RSK-019 test_claim_to_evidence_matrix_has_no_unowned_claims.
RSK-020 test_code_analysis_doctor_reports_cx_database_issue.

Definition of Done

A task is done only when:

  • The code or docs change is narrow and linked to a risk ID.
  • Acceptance criteria are updated or already cover the change.
  • Relevant tests pass locally.
  • New residual risks are added to the risk register.
  • Public docs avoid claims that the tests do not support.

Open Decisions

Decision Options Recommended Path
Audit L3 privacy Implement encryption, or reword level.
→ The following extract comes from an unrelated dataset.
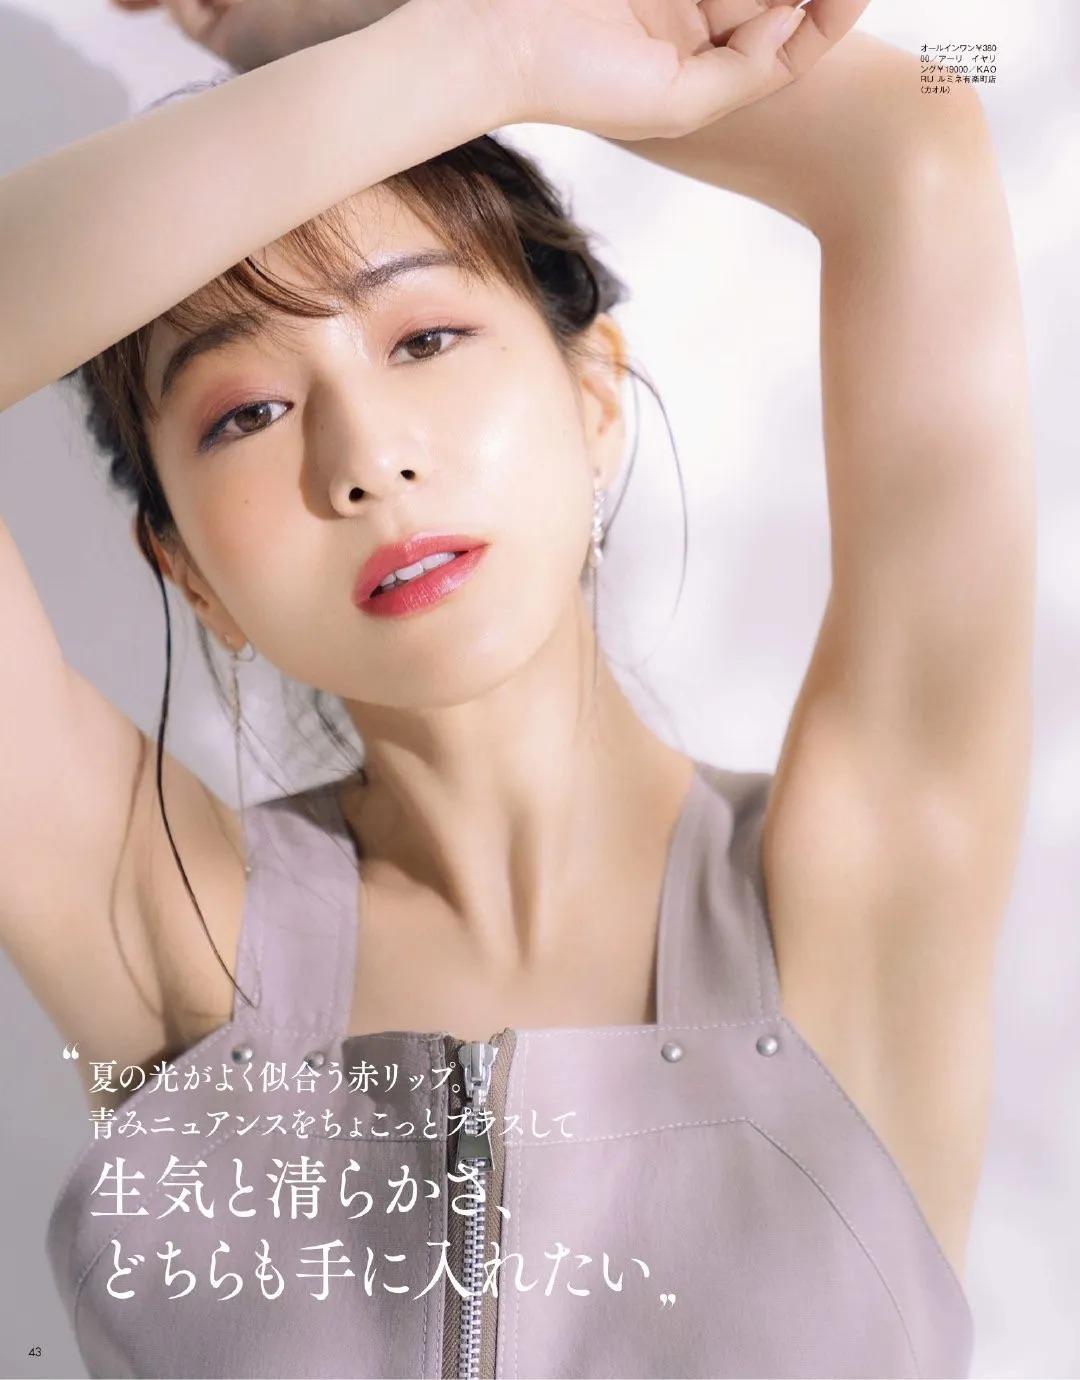 """从""""女性公敌""""华丽转身成为""""美容教主""""的美女主播田中美奈实写真作品 (97)"""

Reword immediately, then evaluate encryption as a separate ADR.
Stateful graph governance Mark destructive, add stateful annotation, or require capability gate. Add explicit stateful annotation and root/run scoping.
Remote MCP unknown tools Allow by policy mode, deny by default, or require manifest. Require trust profile or manifest for mutation-capable unknowns.
Release maturity status Keep Alpha classifier, promote classifier, or split package/product status. Create canonical release status file before changing classifier.
Full acceptance cadence Every PR, main only, nightly, release only. P0 on PR, P1 on main/protected, all nightly and release.

Immediate Next PR Candidate

The smallest high-value follow-up PR should include:

  1. Hook registry integration tests.
  2. ToolRegistry.execute hook return-value wiring.
  3. Docs consistency regression for the survey marker.
  4. Backend action-specific validation tests for missing arguments.

This PR would close the most concrete correctness gap while keeping the change small enough for focused review.